Сколько ж у нас было ликования! ("Ведь если б не знали точно – не написали бы!") Всё, что билось, пульсировало, переливалось в теле – останавливалось от удара радости, что вот откроется дверь…

Но – на милость разум нужен…

В середине же июля одного старика из нашей камеры коридорный надзиратель послал мыть уборную и там с глазу на глаз (при свидетелях бы он не решился) спросил, сочувственно глядя на его седую голову: "По какой статье, отец?" – "По пятьдесят восьмой!" – обрадовался старик, по кому плакали дома три поколения. "Не подпадаешь…" – вздохнул надзиратель. Ерунда! – решили в камере, – надзиратель просто неграмотный.

В той камере был молодой киевлянин Валентин (не помню фамилии) с большими по-женски прекрасными глазами, очень напуганный следствием. Он был безусловно провидец, может быть в тогдашнем возбуждённом состоянии только. Не однажды он проходил утром по камере и показывал: сегодня тебя и тебя возьмут, я видел во сне. И их брали! Именно их! Впрочем душа арестанта так склонна к мистике, что воспринимает провъдение почти без удивления.

27-го июля Валентин подошёл ко мне: "Александр! Сегодня мы с тобой." И рассказал мне сон со всеми атрибутами тюремных снов: мостик через мутную речку, крест. Я стал собираться и не зря: после утреннего кипятка нас с ним вызвали. Камера провожала нас шумными добрыми пожеланиями, многие уверяли, что мы идём на волю (из сопоставления наших "легких дел" так получалось).

Ты можешь искренне не верить этому, не разрешать себе верить, ты можешь отбиваться насмешками, но пылающие клещи, горячее которых нет на земле, вдруг да обомнут, вдруг да обомнут твою душу: а если правда?…

Собрали нас человек двадцать из разных камер и повели сначала в баню (на каждом жизненном изломе арестант прежде всего должен пройти баню). Мы имели там время, часа полтора, предаться догадкам и размышлениям. Потом распаренных, принеженных – провели изумрудным садиком внутреннего бутырского двора, где оглушающе пели птицы (а скорее всего одни только воробьи), зелень же деревьев отвыкшему глазу казалась непереносимо яркой. Никогда мой глаз не воспринимал с такой силой зелени листьев, как в ту весну! И ничего в жизни не видел я более близкого к Божьему раю, чем этот бутырский садик, переход по асфальтовым дорожкам которого никогда не занимал больше тридцати секунд![76]
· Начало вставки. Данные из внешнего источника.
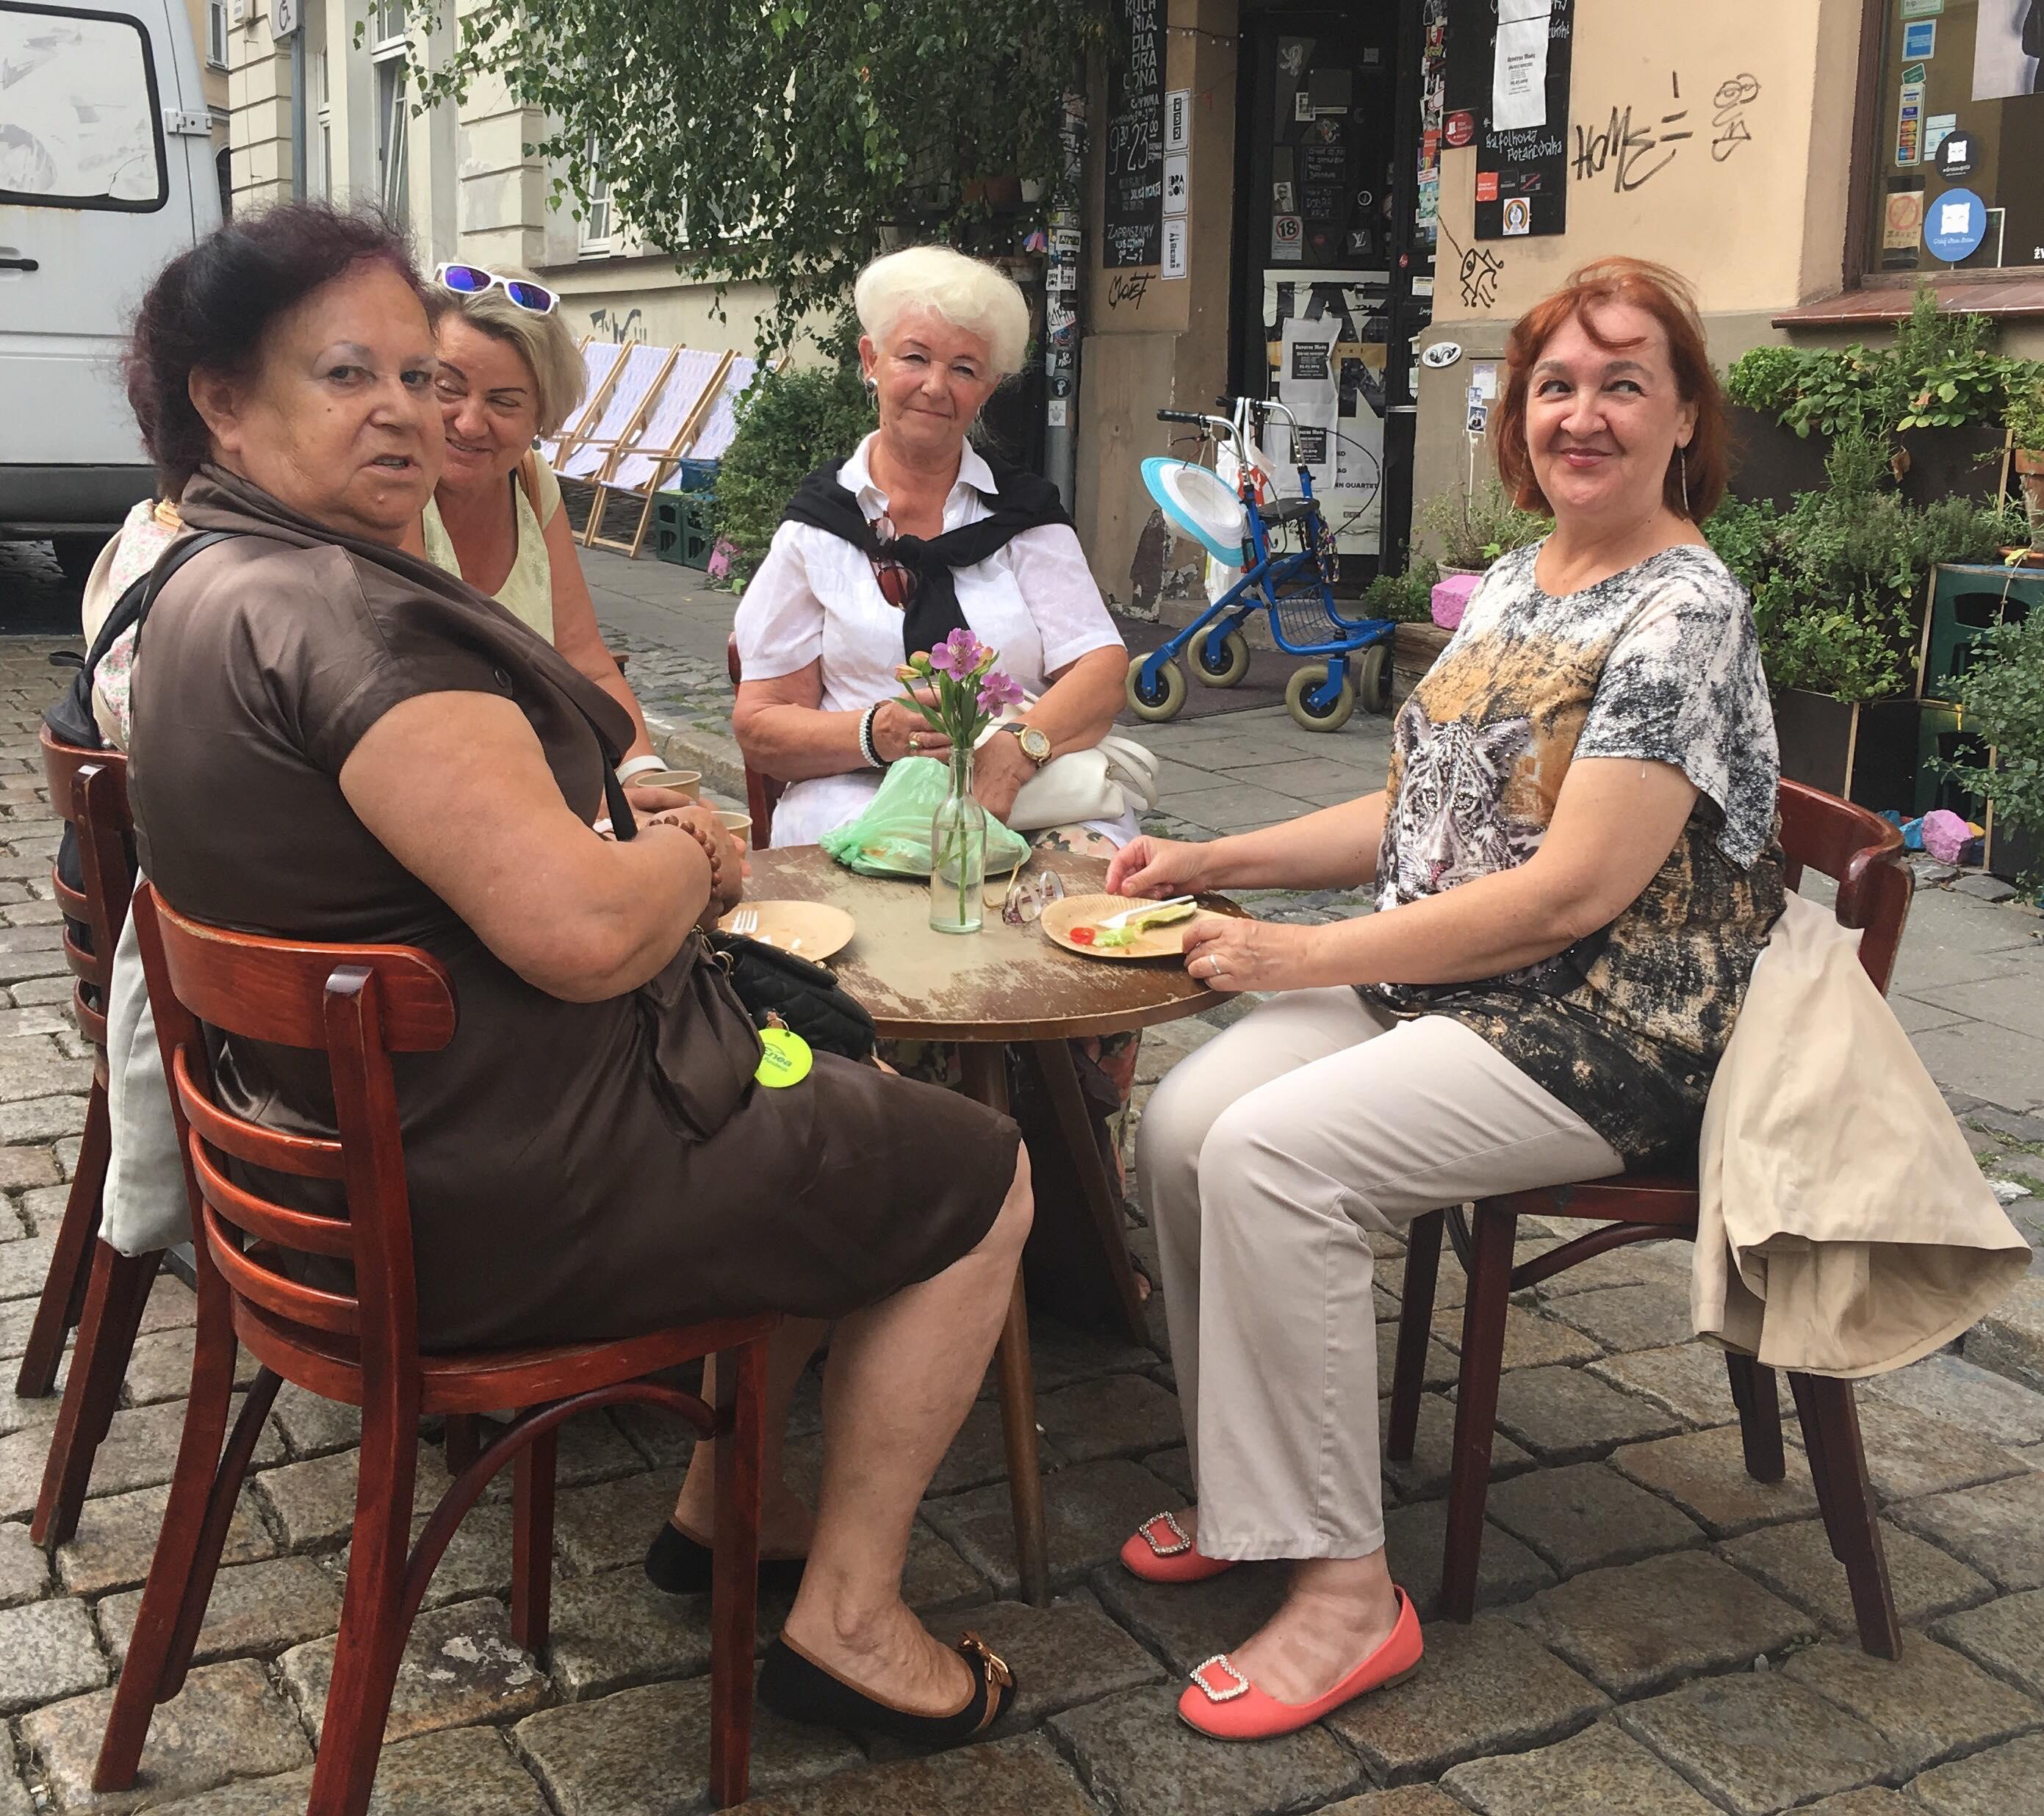 salon sąsiedzki wspólne śniadania  - Jacek Butlewski

Привели в бутырский вокзал (место приёма и отправки арестантов; название очень меткое, к тому ж главный вестибюль там похож на хороший вокзал), загнали в просторный большой бокс. В нём был полумрак и чистый свежий воздух: его единственное маленькое окошко располагалось высоко и без намордника. А выходило оно в тот же солнечный садик, и через открытую фрамугу нас оглушал птичий щебет, и в просвете фрамуги качалась ярко-зелёная веточка, обещавшая всем нам свободу и дом. (Вот! И в боксе таком хорошем ни разу не сидели! – не случайно!)

А все мы числились за ОСО![77] И так выходило, что все сидели за безделку.

Три часа нас никто не трогал, никто не открывал двери. Мы ходили, ходили, ходили по боксу и, загонявшись, садились на плиточные скамьи. А веточка всё помахивала, всё помахивала за щелью, и осатанело перекликались воробьи.

Вдруг загрохотала дверь, и одного из нас, тихого бухгалтера лет тридцати пяти, вызвали. Он вышел. Дверь заперлась. Мы ещё усиленнее забегали в нашем ящике, нас выжигало.

Опять грохот. Вызвали другого, а того впустили. Мы кинулись к нему. Но это был не он! Жизнь лица его остановилась. Разверстые глаза его были слепы. Неверными движениями он шатко передвигался по гладкому полу бокса. Он был контужен? Его хлопнули гладильной доской?

– Что? Что? – замирая спрашивали мы. (Если он ещё не с электрического стула, то смертный приговор ему во всяком случае объявлен.) Голосом, сообщающим о конце Вселенной, бухгалтер выдавил:

– Пять!! Лет!!!

И опять загрохотала дверь – так быстро возвращались, будто водили по лёгкой надобности в уборную. Этот вернулся, сияя. Очевидно его освобождали.

– Ну? Ну? – столпились мы с вернувшейся надеждой. Он замахал рукой, давясь от смеха:

– Пятнадцать лет!

Это было слишком вздорно, чтобы так сразу поверить.

 

Глава 7
В машинном отделении

 

В соседнем боксе бутырского «вокзала» – известном шмональном боксе (там обыскивались новопоступающие, и достаточный простор дозволял пяти-шести надзирателям обрабатывать в один загон до двадцати зэков) теперь никого не было, пустовали грубые шмональные столы, и лишь сбоку под лампочкой сидел за маленьким случайным столиком опрятный черноволосый майор НКВД. Терпеливая скука – вот было главное выражение его лица. Он зря терял время, пока зэков приводили и отводили по одному. Собрать подписи можно было гораздо быстрей.

Он показал мне на табуретку против себя через стол, осведомился о фамилии. Справа и слева от чернильницы перед ним лежали стопочки белых одинаковых бумажонок в половину машинописного листа – того формата, каким в домоуправлениях дают топливные справки, а в учреждениях – доверенности на покупку канцпринадлежностей. Пролистнув правую стопку, майор нашёл бумажку, относящуюся ко мне. Он вытащил её, прочел равнодушной скороговоркой (я понял, что мне – восемь лет) и тотчас на обороте стал писать авторучкой, что текст объявлен мне сего числа.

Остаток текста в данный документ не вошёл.